My younger two children are boys and are, as boys are wont to be, intrigued by all things scatological. As Circle of Moms member Teresa puts it, "Fart is a daily word in [our] house . . . and a daily action as well."

Let's just say, if it looks like poo, smells like poo, makes a farting sound, or makes a sound that could possibly be interpreted as gas-related, my boys think it's hilarious. They talk about farting, they practice doing it on command, and they want everyone in on the action.

I used to try to stop it, but then I realized that sometimes boys really will be boys and just gave up. As I said, it's been relieving, and in some small way, I think it's brought me closer to my boys.

Just Letting Go

In responding to a post in which one Circle of Moms member complained about the joy her partner takes in teaching their 4-year-old "toilet humor," mom Sapphire says that her son and husband share that same sense of toilet humor as well.

Although I realize the original poster was looking for advice as to how to curb the enthusiasm in their house, I was struck by Sapphire's choice of words.

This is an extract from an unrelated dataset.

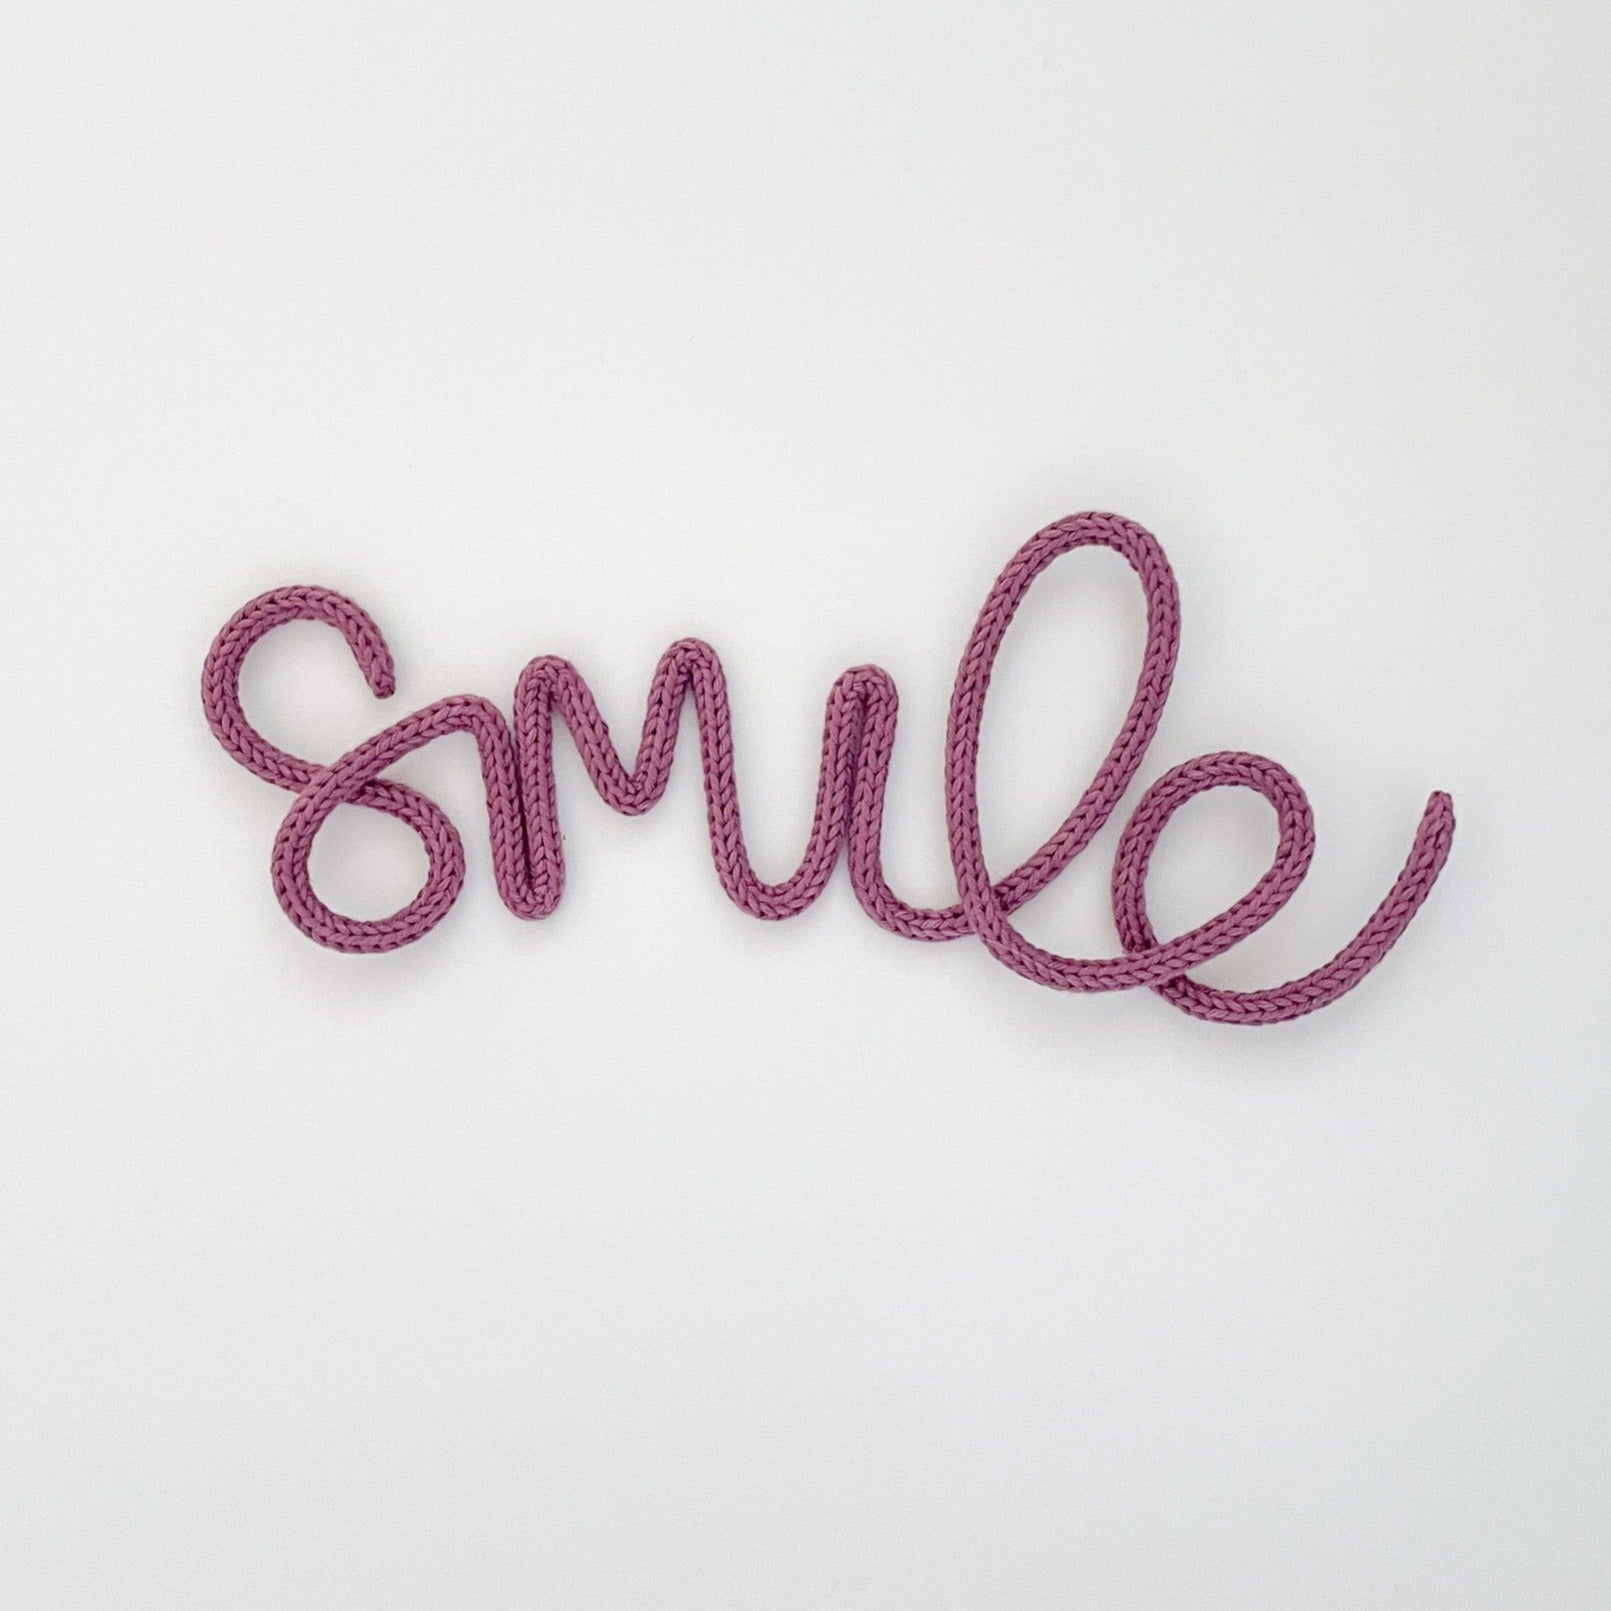 heykiddostudio 'Smile' Word Wall Sign

This was something her son and husband share, something they had in common, something they were able to bond over. I wanted that, too.

There's really nothing fun about being the parent who's constantly trying to keep order or to be the monitor of all behaviors gas-related. Plus, I was missing out on the opportunity to share something funny with my sons.

Mom Amy K. says, "The words fart and poop somehow bring tons of giggles to kids under a certain age," but the truth is they bring giggles to people of all ages. It's a funny sound, the words people use to express it are funny (toot? fluff? bum bubbles?), and the expressions on other people's faces when they decide how to react are funny.

Joining In on the Gassy Giggles

I decided to get in on the gassy giggles. The first time one of my boys let one rip and I didn't say the obligatory, "Say excuse me," they must have thought it was an aberration. So they tried harder. The next time I even chuckled a little bit, which, strangely enough, actually elicited the words "excuse me."

After a while the boys realized all I wanted was for them to remember their manners in public and at the dinner table and they started letting me in on it. I was warned that a "good one" was coming or that I should probably leave the room in a few moments if I didn't want to be gas-bombed.

It's been kind of fun to let loose a little. I'm a little calmer and maybe even a little cooler in my boys' eyes. The other day I even . . . let go in front my boys. I was rewarded with a "That was a GOOD one, Mom." Yep, letting go of farts has been well worth it.